Everything from the line with "В Лозовой автомобиль" to the line with "Королева Елизавета II" in the listing below, both lines included, needs to be copied exactly, apart from the pictures.

**** Material supplied

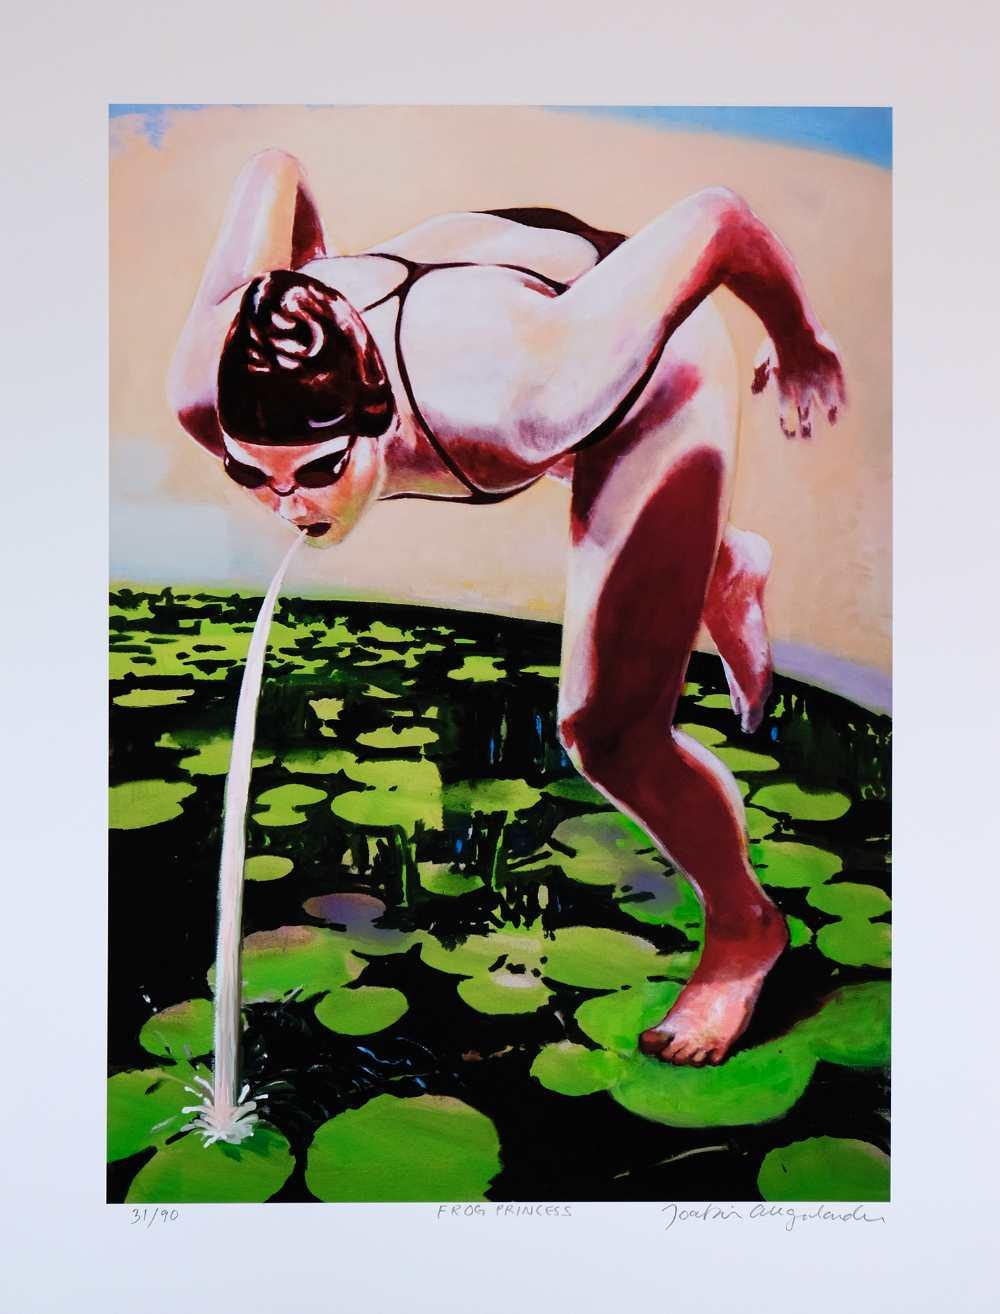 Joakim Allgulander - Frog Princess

********
**** Material supplied

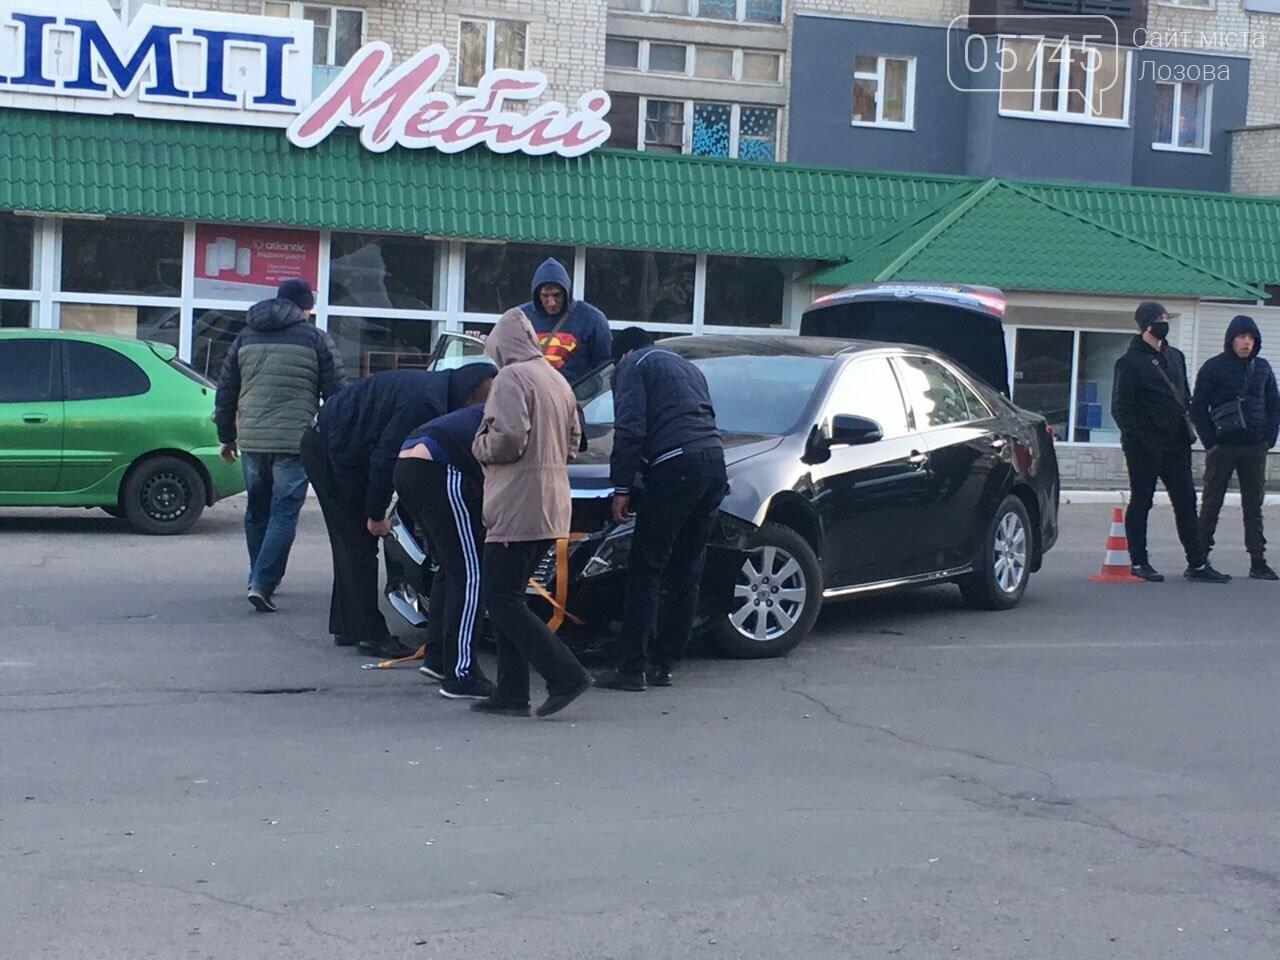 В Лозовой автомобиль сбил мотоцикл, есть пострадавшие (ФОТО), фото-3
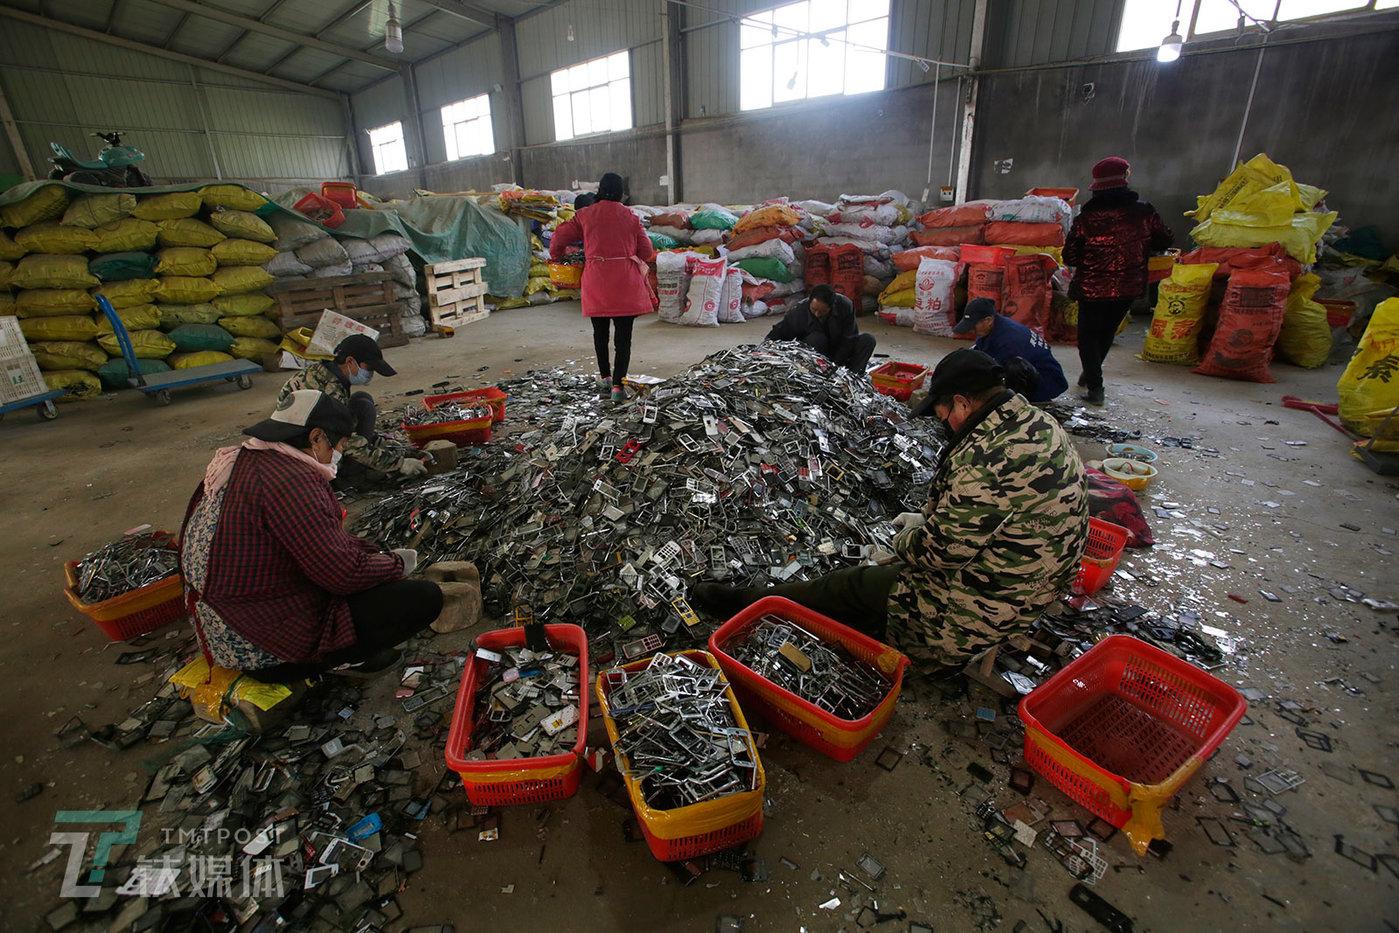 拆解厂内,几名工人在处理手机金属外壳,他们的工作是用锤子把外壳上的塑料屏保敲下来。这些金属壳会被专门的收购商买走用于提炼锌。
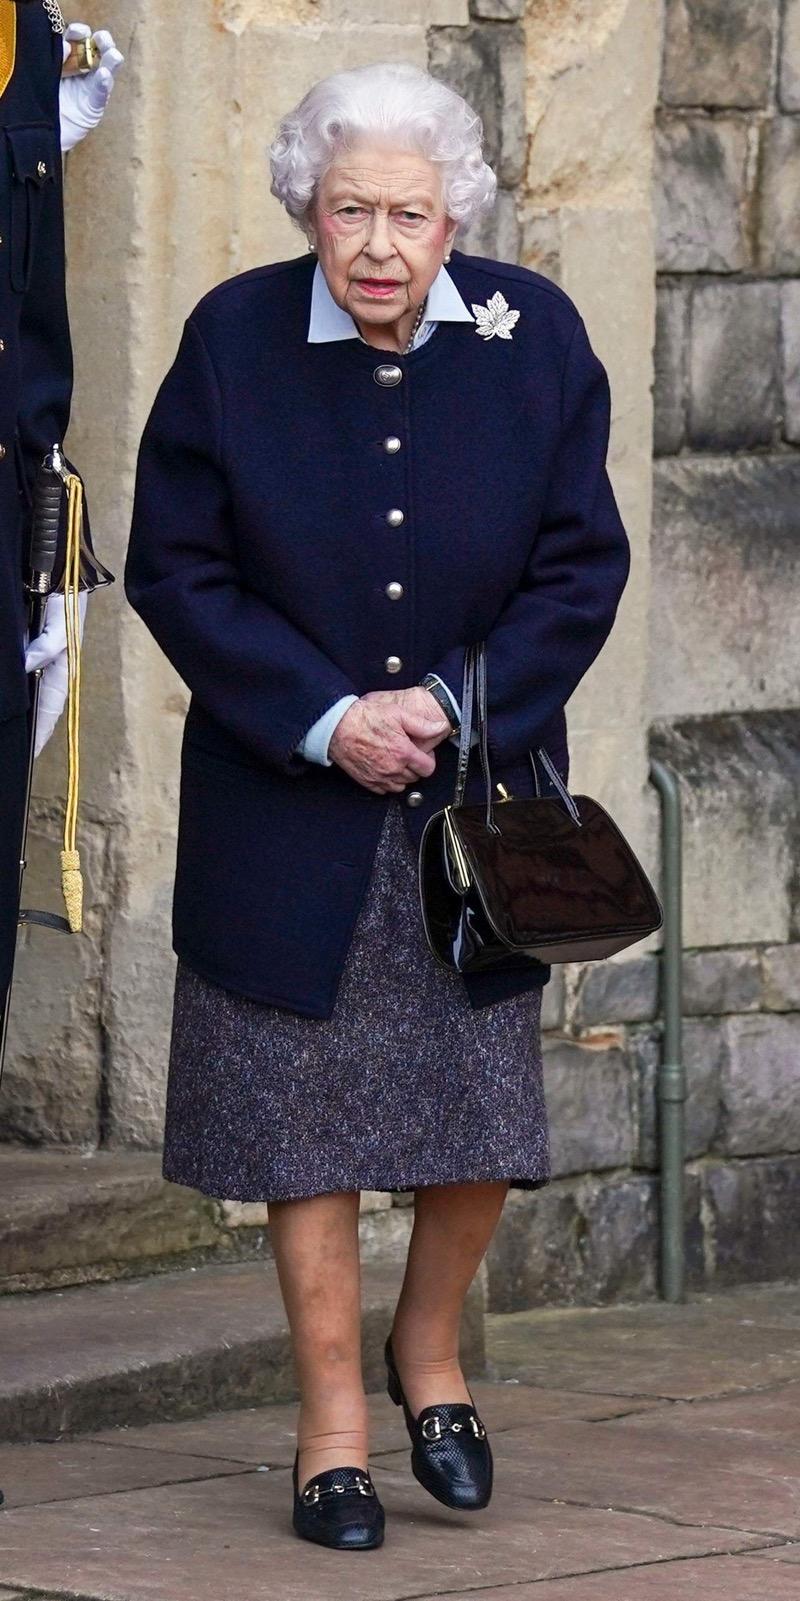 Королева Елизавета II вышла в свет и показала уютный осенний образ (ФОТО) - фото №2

********

=== Task output ===
 В Лозовой автомобиль сбил мотоцикл, есть пострадавшие (ФОТО), фото-3
 拆解厂内,几名工人在处理手机金属外壳,他们的工作是用锤子把外壳上的塑料屏保敲下来。这些金属壳会被专门的收购商买走用于提炼锌。
 Королева Елизавета II вышла в свет и показала уютный осенний образ (ФОТО) - фото №2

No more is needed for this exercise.